Information supplied:

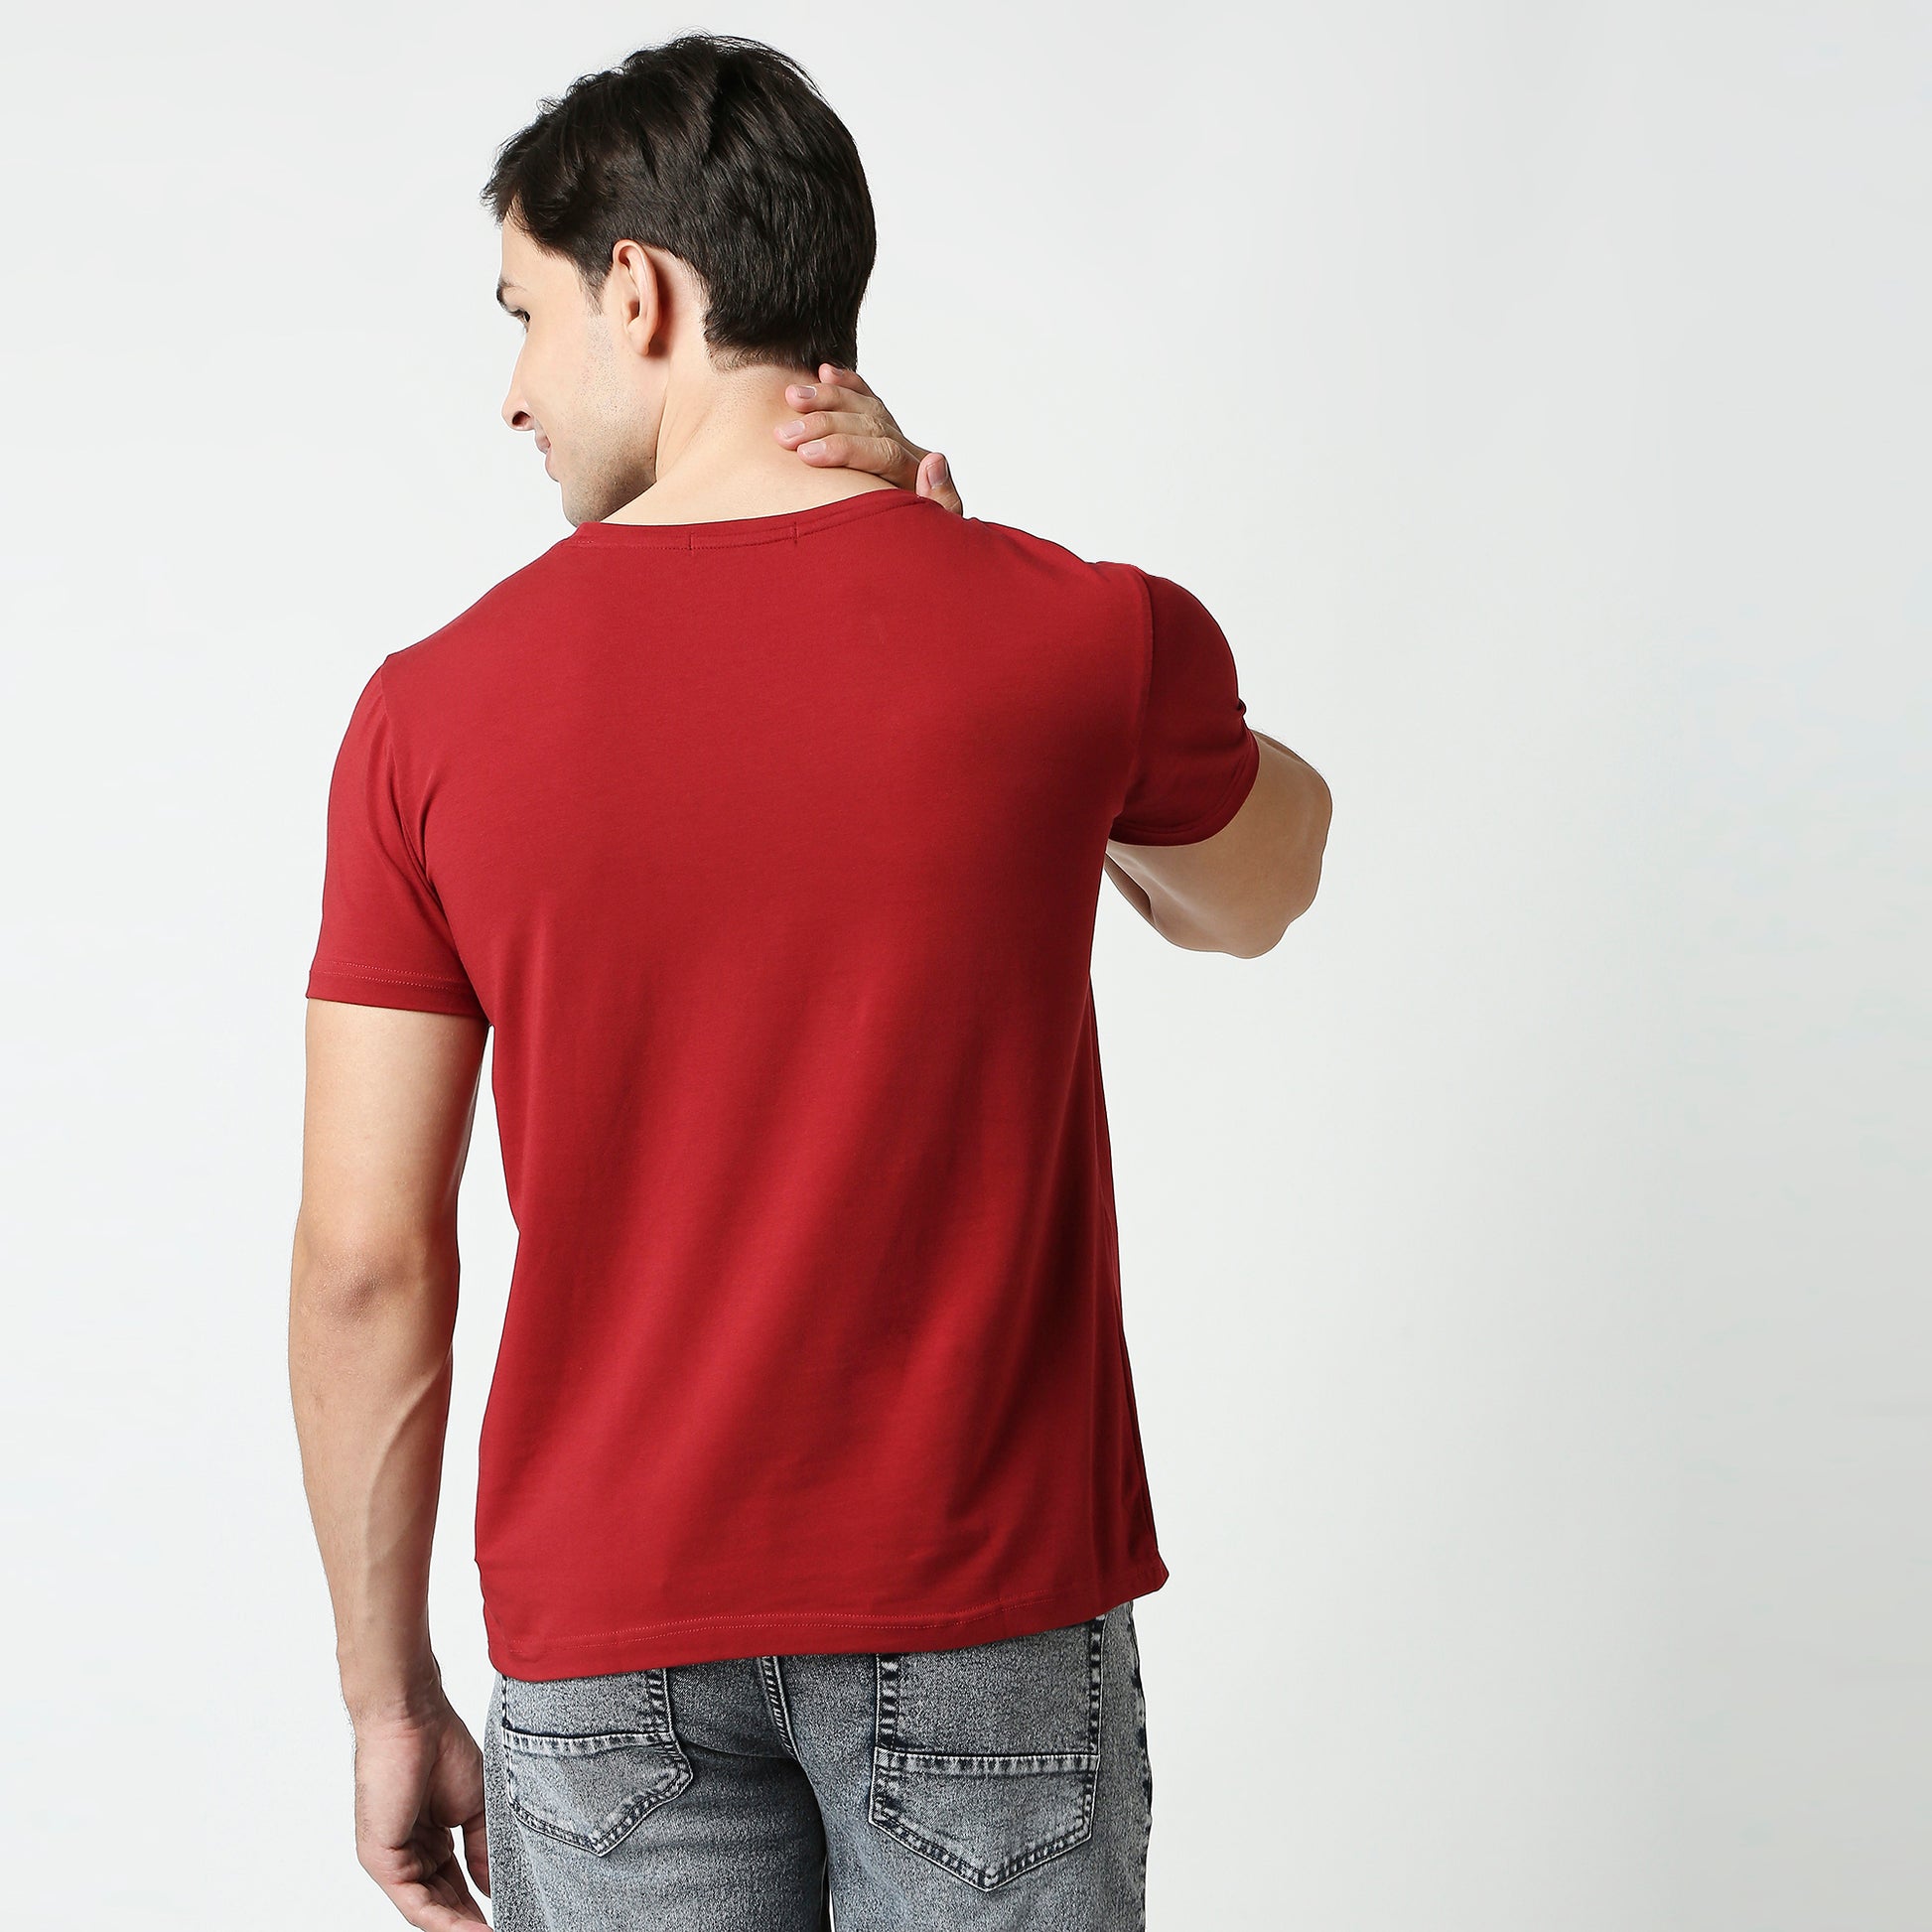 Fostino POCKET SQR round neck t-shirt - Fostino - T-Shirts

...

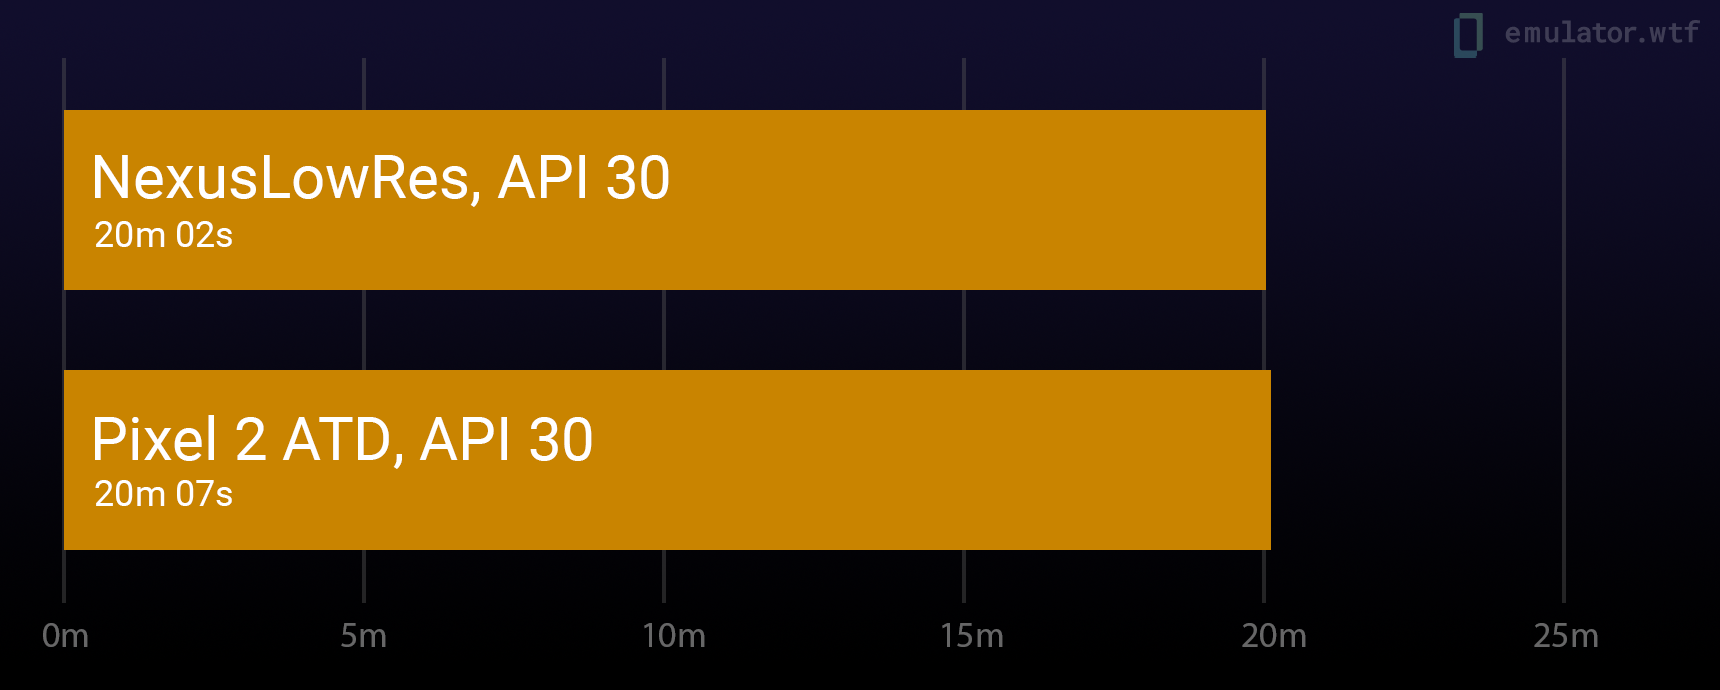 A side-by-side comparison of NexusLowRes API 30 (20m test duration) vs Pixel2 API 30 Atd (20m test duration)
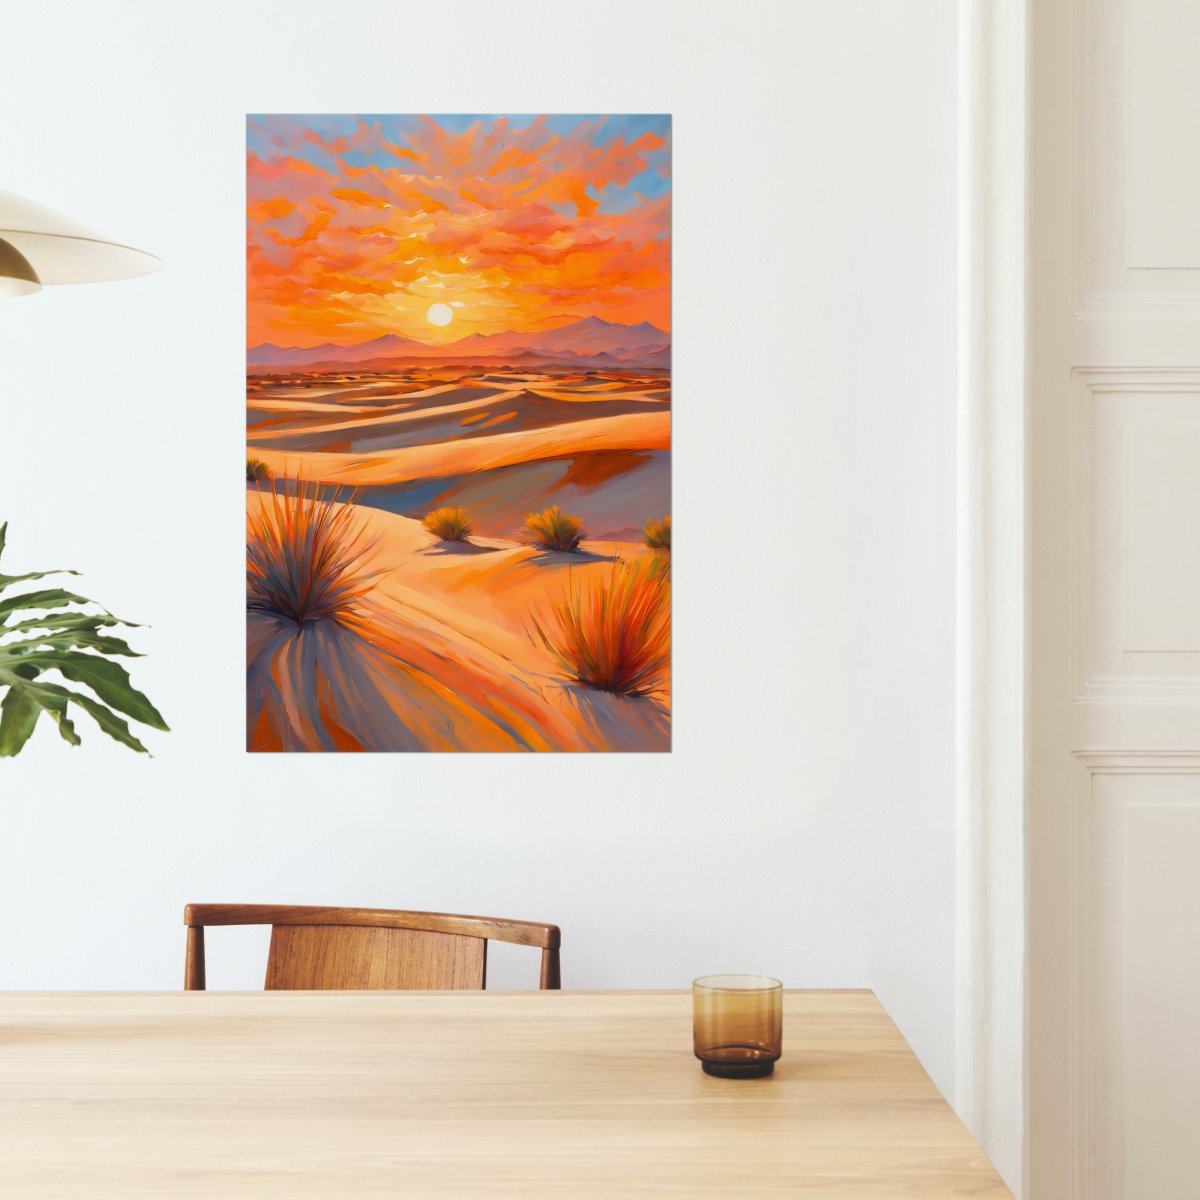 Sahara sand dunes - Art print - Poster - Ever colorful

...

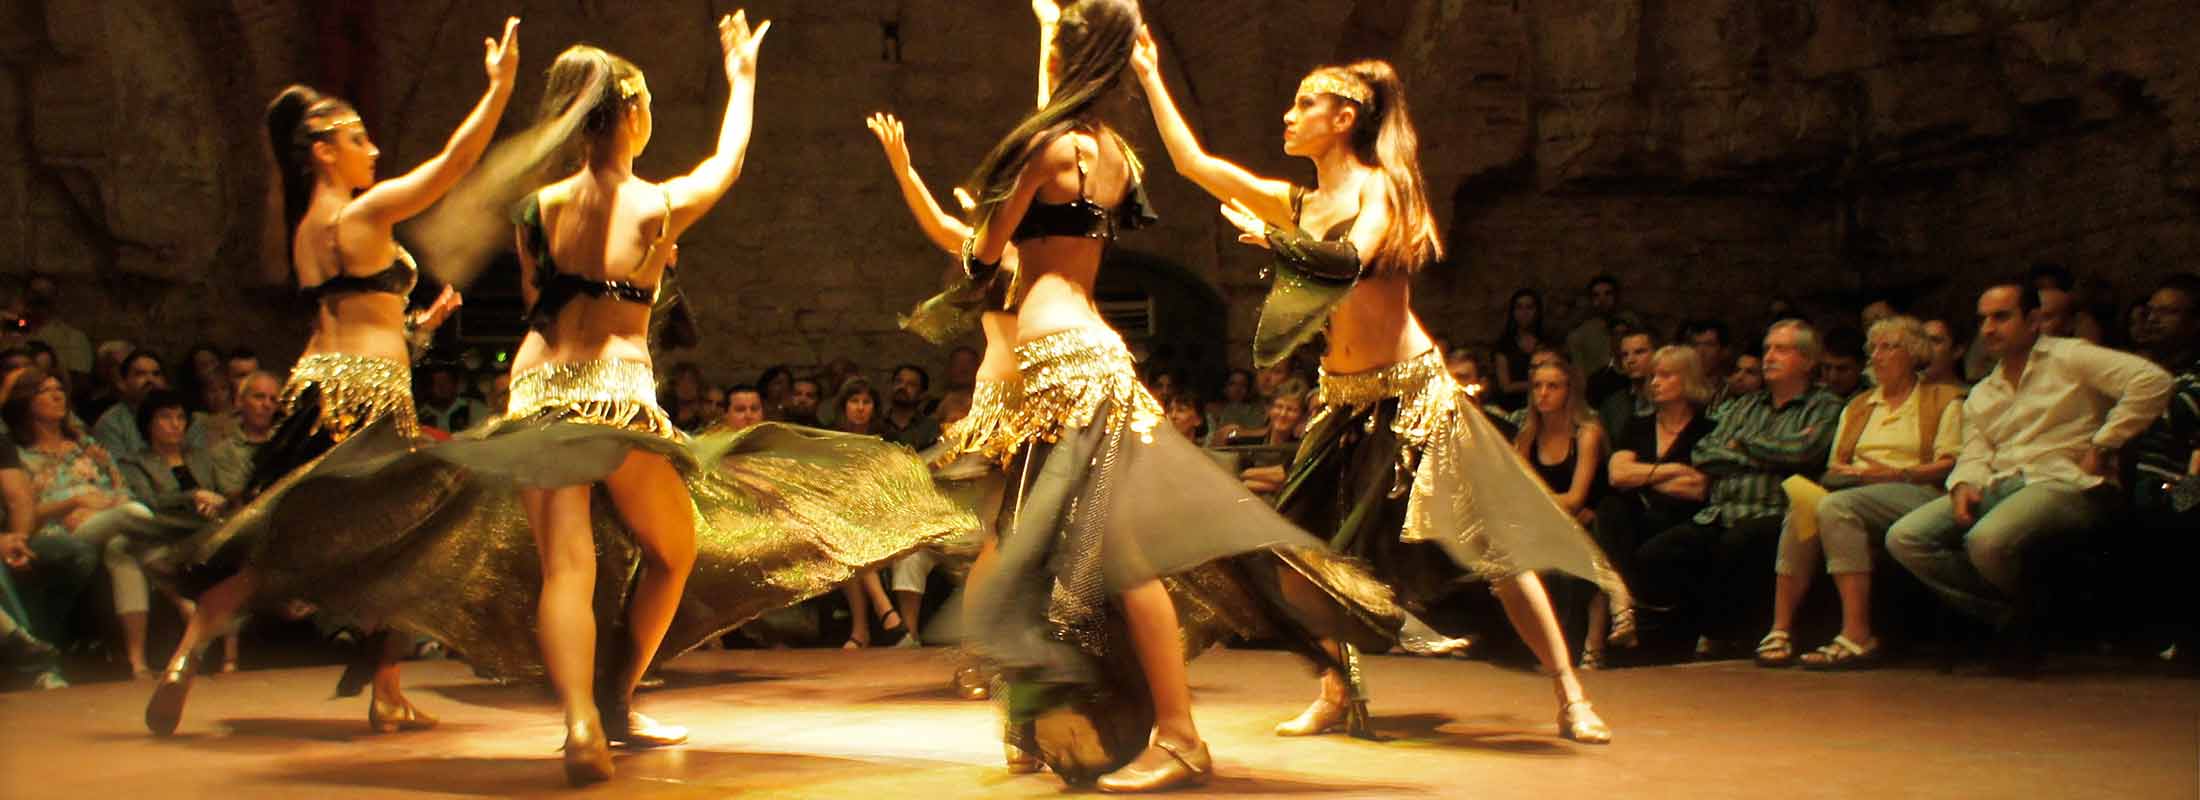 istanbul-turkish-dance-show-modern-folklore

Exercise brief: Using the listing above, repeat word for word each line from the one with "A side-by-side comparison" down to the one with "Sahara sand dunes", both included. Omit all pictures.

Result of the exercise:
 A side-by-side comparison of NexusLowRes API 30 (20m test duration) vs Pixel2 API 30 Atd (20m test duration)
 Sahara sand dunes - Art print - Poster - Ever colorful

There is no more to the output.